When Sara Black’s OCD father lands a job as a janitor at the elite Anton High, Sara, a junior, is given the opportunity to enroll in the school. Most students have to enroll freshman year. Anton High School is a change from the public high school life she was accustomed to. Most of Anton’s students come from privileged lifestyles, so when Sara’s classmates mistakenly believe she comes from London, England, instead of Lundon, Massachusetts, she goes along with it. She also does not tell her classmates that the janitor is her father or that her mother ran off with her old science teacher. Soon, however, some of Sara’s classmates feel their popularity is threathened by Sara, and her black lies soon catch up to her…

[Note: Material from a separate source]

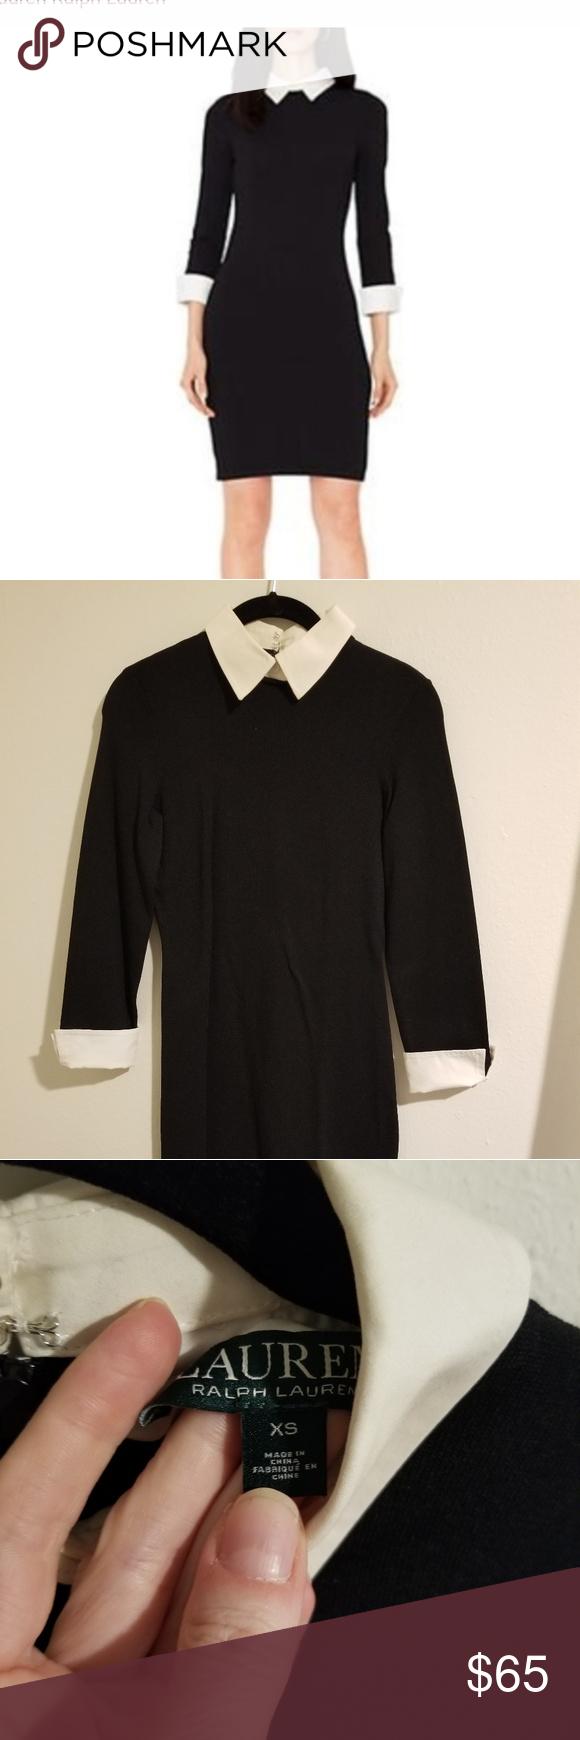 Lauren By Ralph Lauren Black And White Dress Black N White Dress White Dress Clothes Design [ 1740 x 580 Pixel ]

The best thing about Little Black Lies was Cohen’s ability to slowly reveal details about Sara’s family life, which added up to the bigger picture. These details were scattered around the book, but each time they perfectly flowed with whatever was happening at the moment. I loved reading about how Sara’s mother’s affair affected her father. Cohen’s portrayal of her father’s OCD was realistic. I also enjoyed reading about Sara’s relationship with her mother.
Sara’s classmates were reminiscent of Mean Girls, with Carling being the Queen Bee. Nothing too original, but entertaining nonetheless. I also really liked Leo, Carling’s boyfriend, who eventually became the love interest of Sara. Leo’s past with Sara’s lies were an interesting combination. I only had one major dislike about Little Black Lies. From the beginning, Sara realized her lies were wrong, yet she continued to consciously dig herself into a deeper hole, which completely frustrated me. Despite this, however, I still enjoyed the novel and wanted a sequel. This says a lot considering I am horrible when it comes to finishing series.
Fans of Mean Girls should be sure to look into Little Black Lies.